Навстречу уже бежали солдаты с котелками, сухарями в полах шинелей. На лицах деловитая хозяйственная озабоченность, углубленность и ожидание. В самом деле, что может быть приятнее для солдата — влить в промерзший желудок горячего варева или чайку.

Провели неизвестно где взятого пленного итальянца. Завидев солдат с котелками, итальянец шмурыгнул носом, закричал бодро:

— Муссолино, Гитлер капут! Вива руссо! Вива вита!

— Гляди, чучело разговаривает, — с интересом приостановился и хмыкнул солдат в распахнутом ватнике и сбитой на затылок шапке. — Да здравствует жизнь! Шкура!.. Дошло!

— Узнал кузькину мать, и дошло.

Услышав про кузькину мать, итальянец заволновался, завертел шеей, тревожно озираясь.

— Ученый. Знает кузькину мать.

Хохотали солдаты, провожая пленного в тощей шинелишке и пилотке, натянутой на уши.

У поваленного станционного забора солдат лет тридцати, в полушубке, с автоматом на груди, кормил из котелка годовалую девочку. Замотанная в тряпье, она сидела у него на правом колене, следила, как он черпает левой рукой из котелка, и с готовностью раскрывала рот. Солдат был в маскировочных белых штанах. Одна штанина заправлена в валенок, вторая — обгорела и оторвана наполовину. Через плечо на веревочках — овчинные рукавицы.

— Ну, как?

Девочка покосилась на пустой котелок. Нос пуговкой сморщился, нижняя губа задрожала, поехала на верхнюю.

— Степан! — гаркнул солдат через плечо за забор. — Добавку неси!

— Да ты что! Пуп треснет!

— Настька исть хочет!

— А-а! — Из-за забора высунулась толстая фигура в коросте снега на подшлемнике у рта. — Зараз. Одной ногой.

Минут через пять вернулся с дымящимся котелком, оттянул подшлемник!

— Где подобрал?

— На станции, на скамейке сидела.

— А мать ейная?

— Я откуда знаю?

— О господи! — Толстый солдат порылся в своем мешке, достал кусок сала, завернутый в газету. — Держи.

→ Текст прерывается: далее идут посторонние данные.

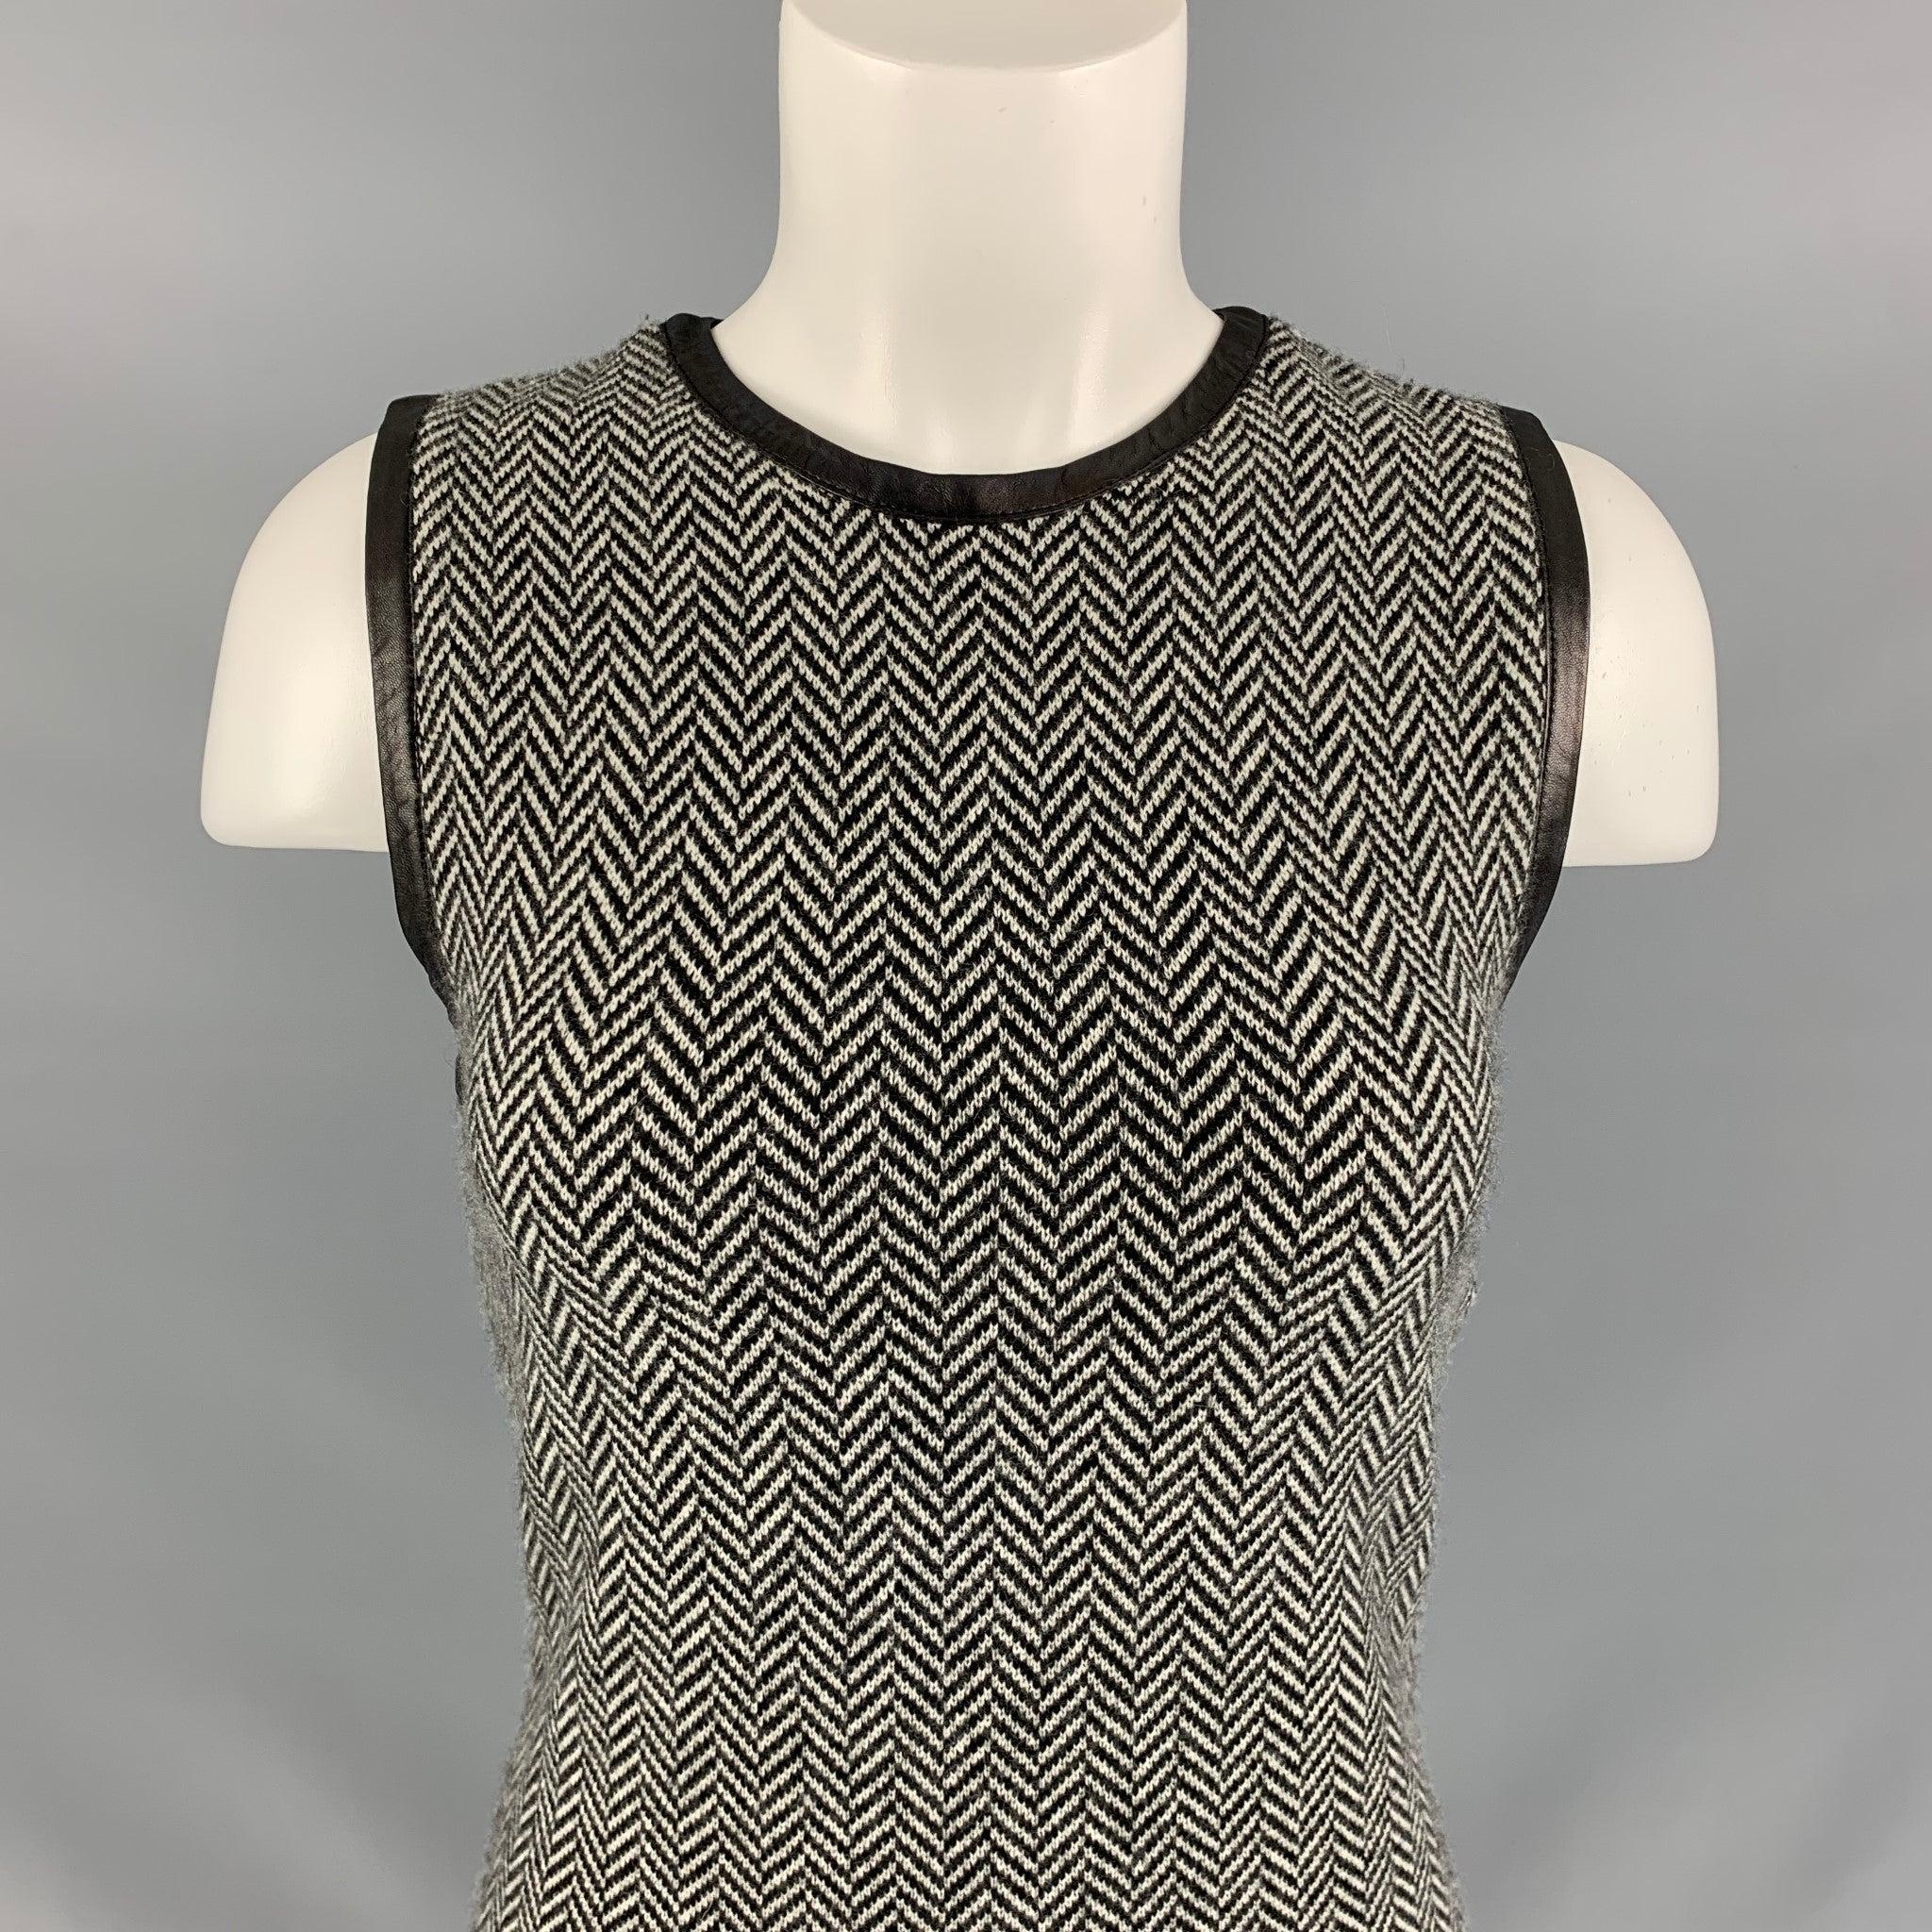 RALPH LAUREN Black Label below knee dress comes in a black and white cashmere, herringbone pattern and 1/4 invisible zipper closure at center back featuring a leather trim detail.
Very Good Pre-Owned Condition. 

Marked:   M 

Measurements:

Девочка не поверила, ловким зверушечьим движением развернула газету. Солдат хотел завернуть сало снова в газету, положить рядом. Не дала. Так и держала мерзлое сало голыми ручонками: так оно надежнее, да и видишь, что держишь.

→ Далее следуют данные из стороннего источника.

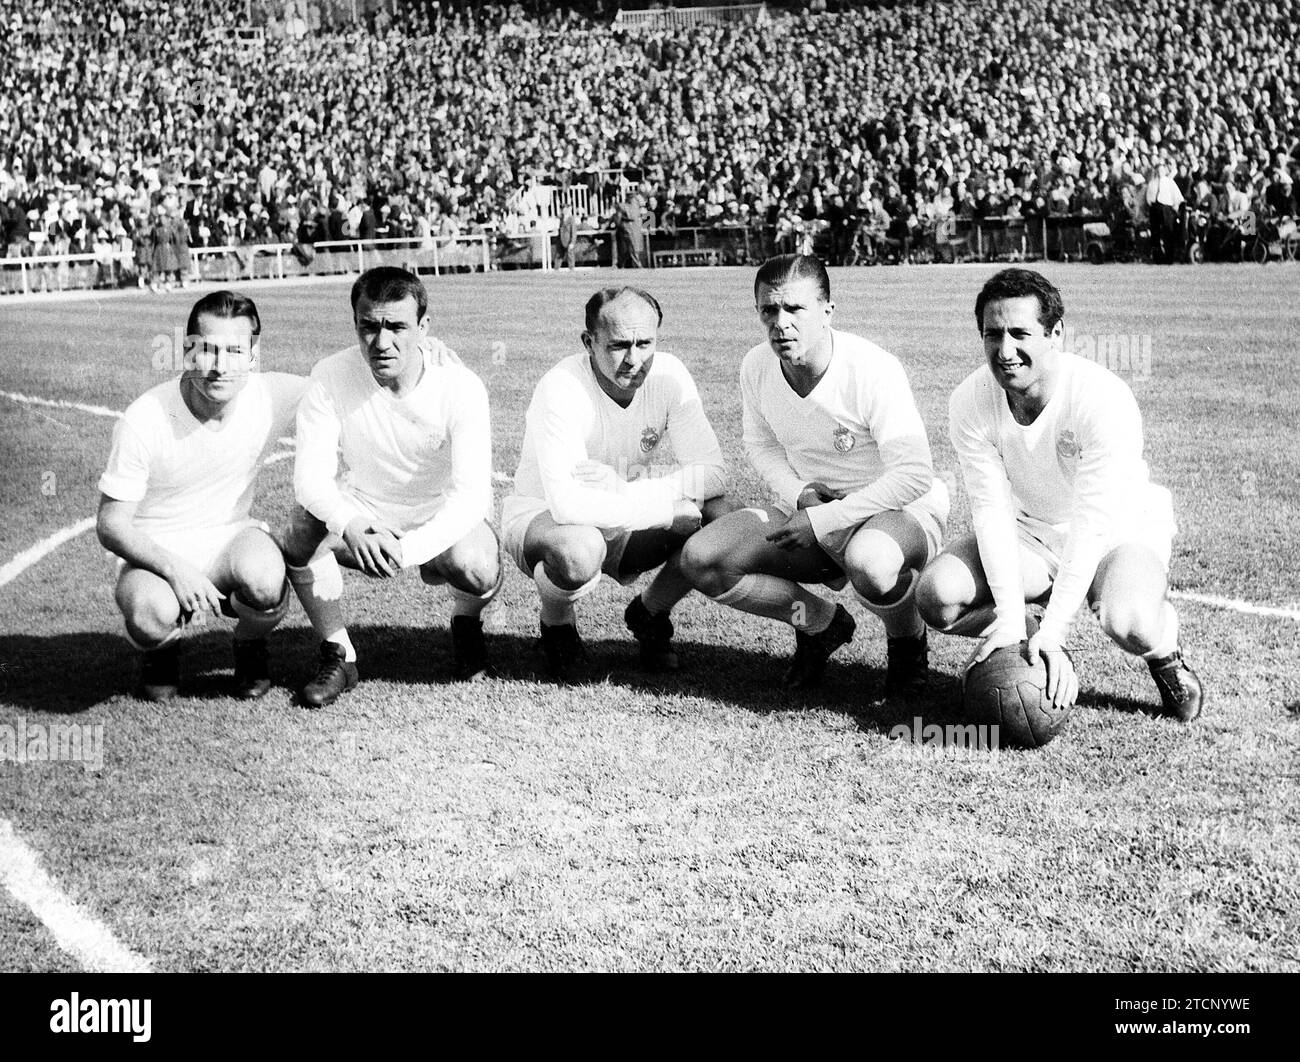 Protagonists - Players - Lineups - Forward that Real Madrid presented in the final that they won in 1962 against Sevilla. Tejadar, del Sol, Di Stefano, Puskas and Gento. Photo: Álvaro -Approximate date. Credit: Album / Archivo ABC / Álvaro Stock Photo

Толстый солдат повздыхал, покачал головою, посоветовал.

— Отправка скоро. Поспрошай здешних баб про мать. Аль сами возьмут.

Из-за синевато-алмазной шапки кургана бесшумно вынырнули хищные длинные тела «мессеров», и стремительно настигающий гул их тут же покрыл расслабленную эшелонную суету. Цветные пулевые трассы понеслись впереди самолетов, взбивая фонтанчики в сугробах и выдирая белую щепу из теплушек на путях. Лихорадочно забили зенитки с двух концов эшелона и середины, из башен танков на платформах яростно залаяли пулеметы. Танкисты и автоматчики бросились под прикрытие брони. Кленов очутился на платформе Лысенкова. «Мессеры» зашли как раз с хвоста, под крыльями их дрожали рваные вспышки, и огненные струи строчили по рельсам и вагонам смертные швы. Санитарный поезд обреченно и беззащитно затих.

— Подвели мы их под монастырь! — Хищно мерцавшие глаза лейтенанта Лысенкова суживались, холодели с приближением самолетов и совсем стыли льдистыми точками, впившись через прорезь прицела в самолеты.

Их длинные тела, ослепляя и вдавливая в снег ревом моторов, серебристыми тенями мелькнули вдоль путей. У паровоза, одеваясь в седой пар и красно просвечивая на солнце, выросли черные столбы разрывов бомб.

Ребятишки и бабы исчезли в первые же мгновения обстрела. Кленов хорошо видел их из лысенковского танка. Они притаились в улицах поселка, наблюдали за тем, что творилось на путях, справедливо полагая, что не они на сегодня добыча гитлеровских летчиков.

Минут через двадцать слюдяной простор неба опустел, и оно снова приняло предательски безмятежный мирный вид. Степь тоже как ни в чем не бывало горела на солнце празднично-пасхально своими ризами, стыдливо зализывая поземкой черные круги бомбовых разрывов и глубокие полоски расчесов от крупнокалиберных пулеметов.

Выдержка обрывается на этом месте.